Shaw explains that he has chosen to make the hero of Pygmalion a phonetician in order to bring to light the need for reform of the English language. English spelling and pronunciation is an impossible, out-dated hodge-podge that has no standard, which can be taught. No one can speak English without another speaker somewhere despising his version of the language.

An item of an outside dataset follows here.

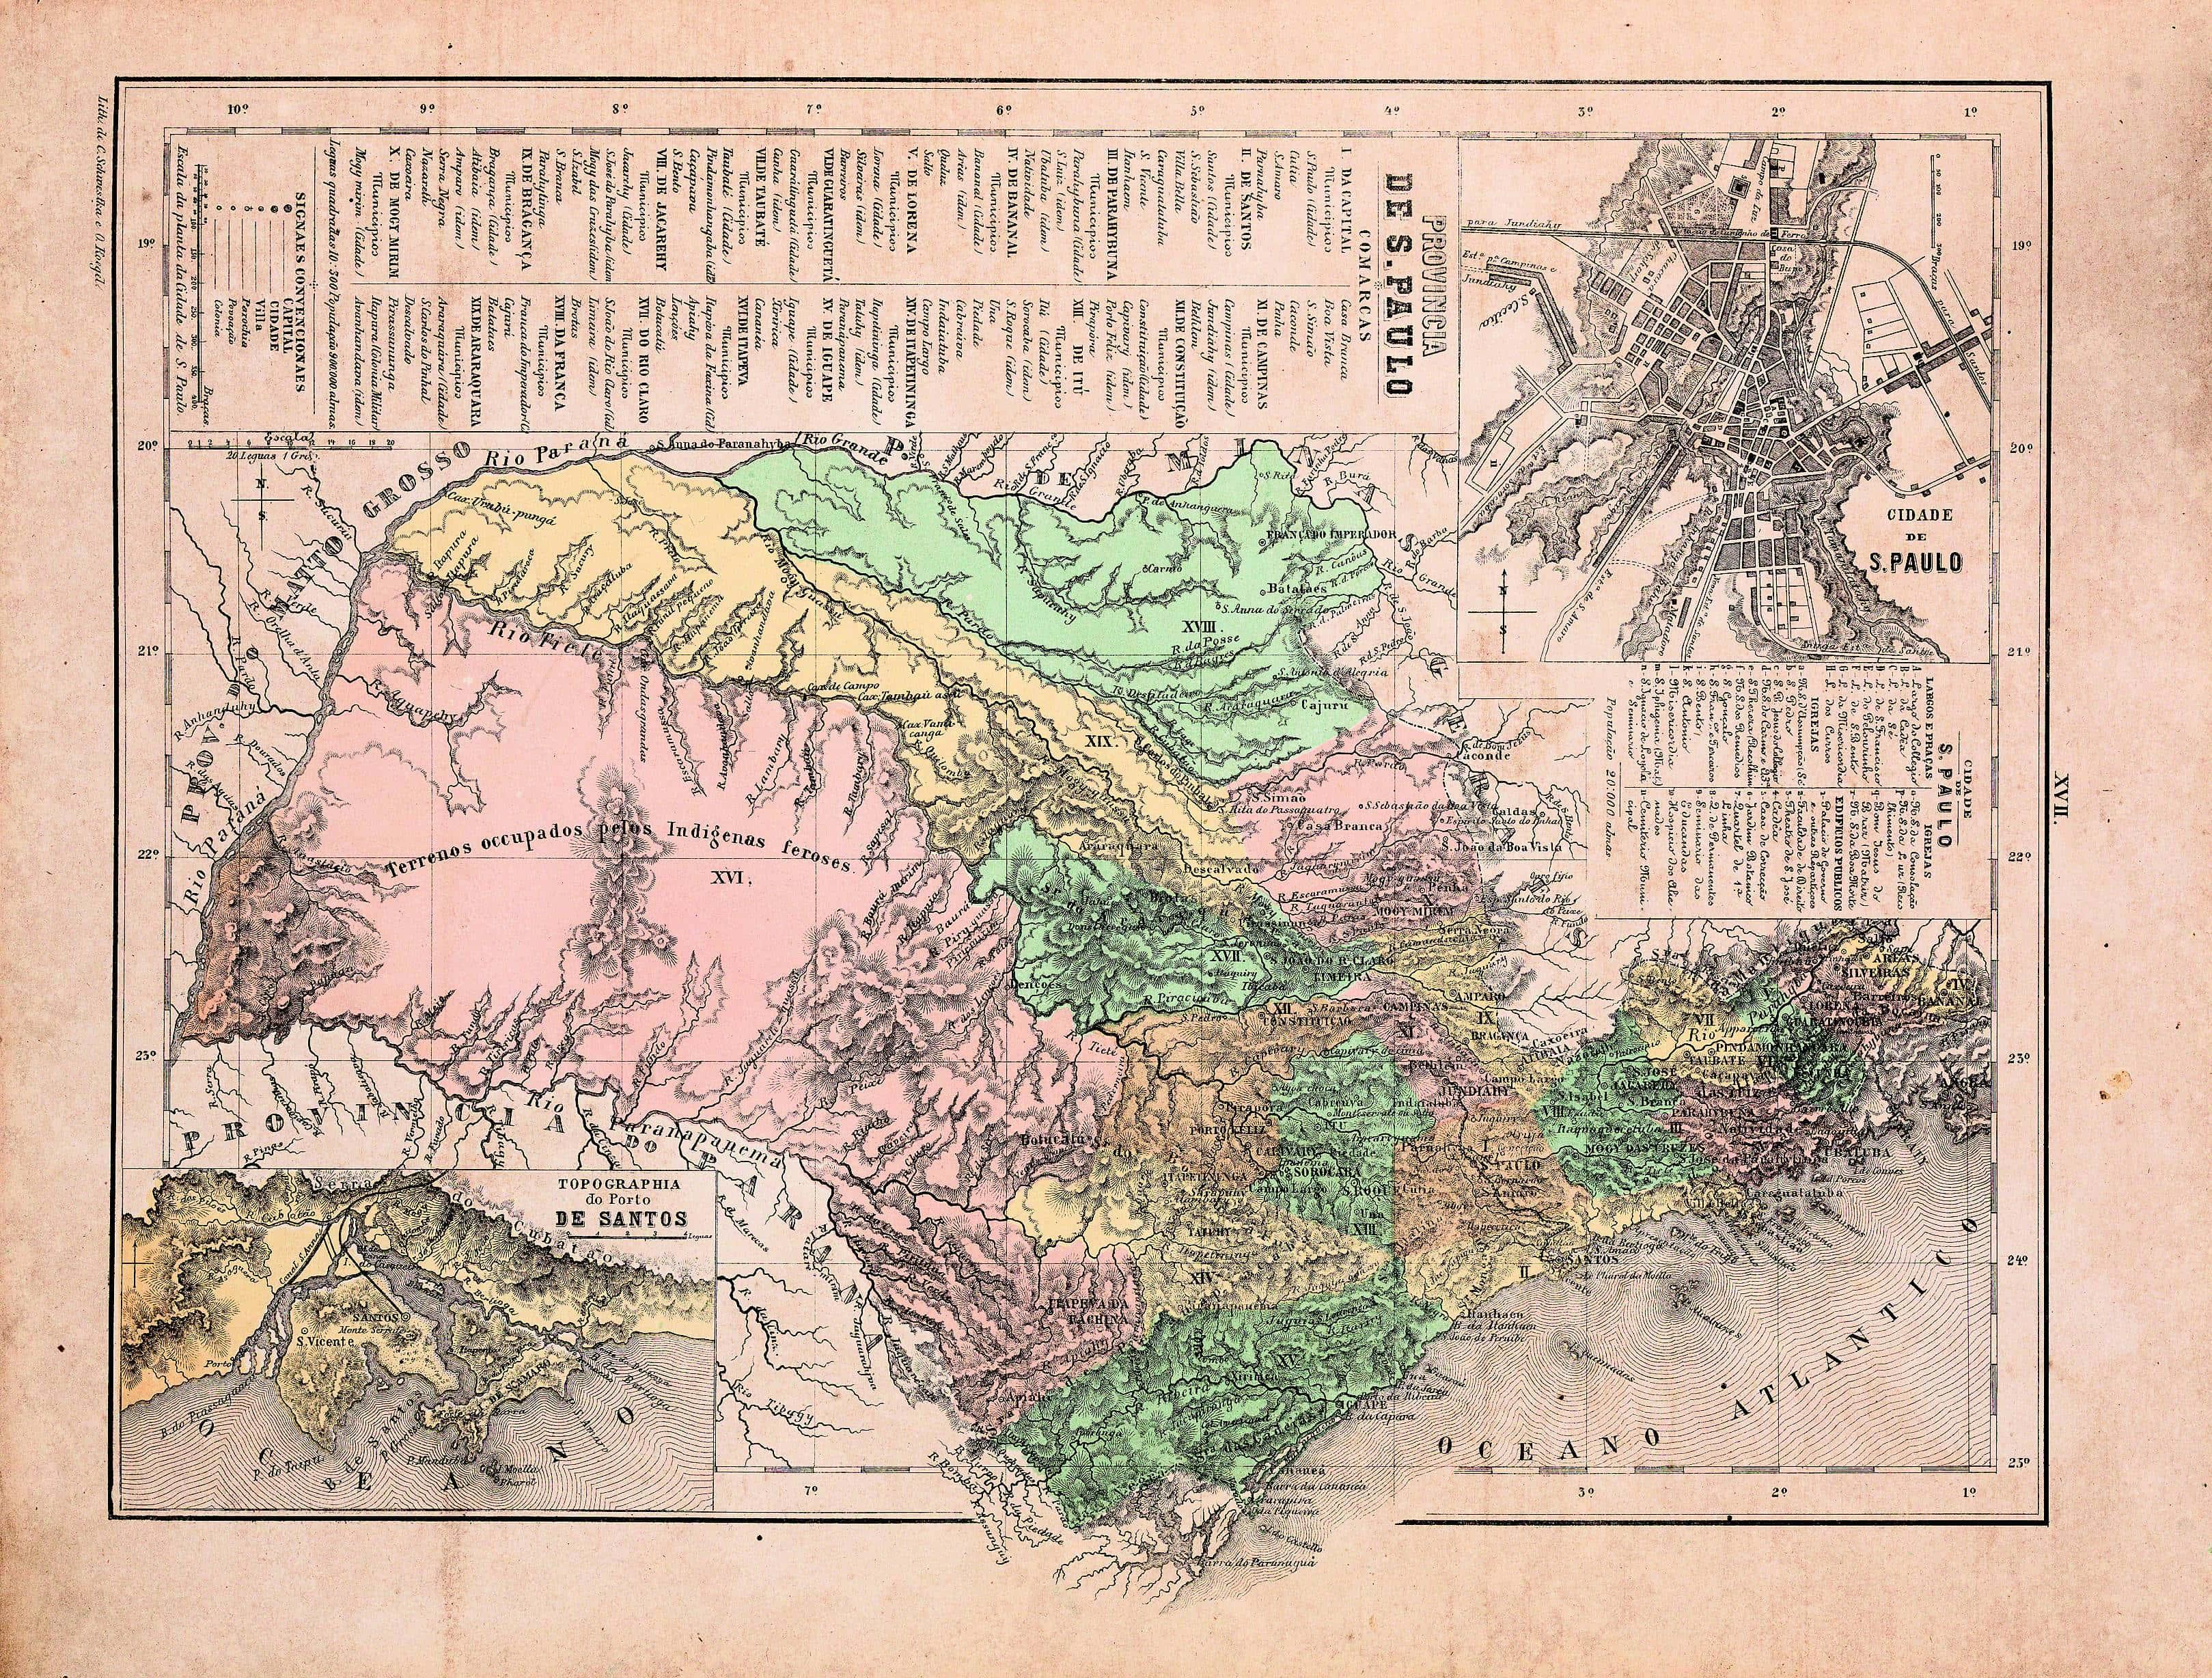 Mapa antigo de São Paulo de 1868 e Topografia de Santos

Topic Tracking: Language 1

Shaw became interested in phonetics in the 1870s. He knew several famous phoneticians. He believed Henry Sweet, a young professor of phonetics at Oxford, to be the most brilliant among them, but when he attempted to draw him into the limelight by giving him an opportunity to write an essay in a prominent magazine, Sweet wrote a libelous article about a man in a position he thought could only be performed by a phonetician. Shaw determined that Sweet was too scornful of academia to ever suffer the politics required to make his theories known. Sweet invented the Current Shorthand, which is mentioned in the third act of the play. This phonetic code could express every sound in the English language distinctly. It never prevailed over the more popular Pitman system of shorthand, even though it was easier to write. Shaw suggests that the English simply enlarge their alphabet to cover all the sounds in the language and change their system of spelling to be as directly related to pronunciation as Spanish is. Higgins, the hero of Pygmalion, is not a portrait of Sweet. If Sweet had as much charisma as Higgins he would have been eminently famous. His temperament sentenced him to obscurity. Shaw does not intend Higgins to portray any specific phonetician, only to impress the English people with the important role of phonetics in modern England.

Topic Tracking: Manners 1

"If the play makes the public aware that there are such people as phoneticians, and that they are among its most important people in England at present, it will serve its turn." Preface, pg. 9

Shaw goes on to boast of the popular success of his play, and assert that, contrary to the suggestions of his critics, all great art must be didactic. Finally, he encourages those readers of his play, who aspire to climb the social ladder by altering their accents, that they can be successful if they study under a phonetic expert.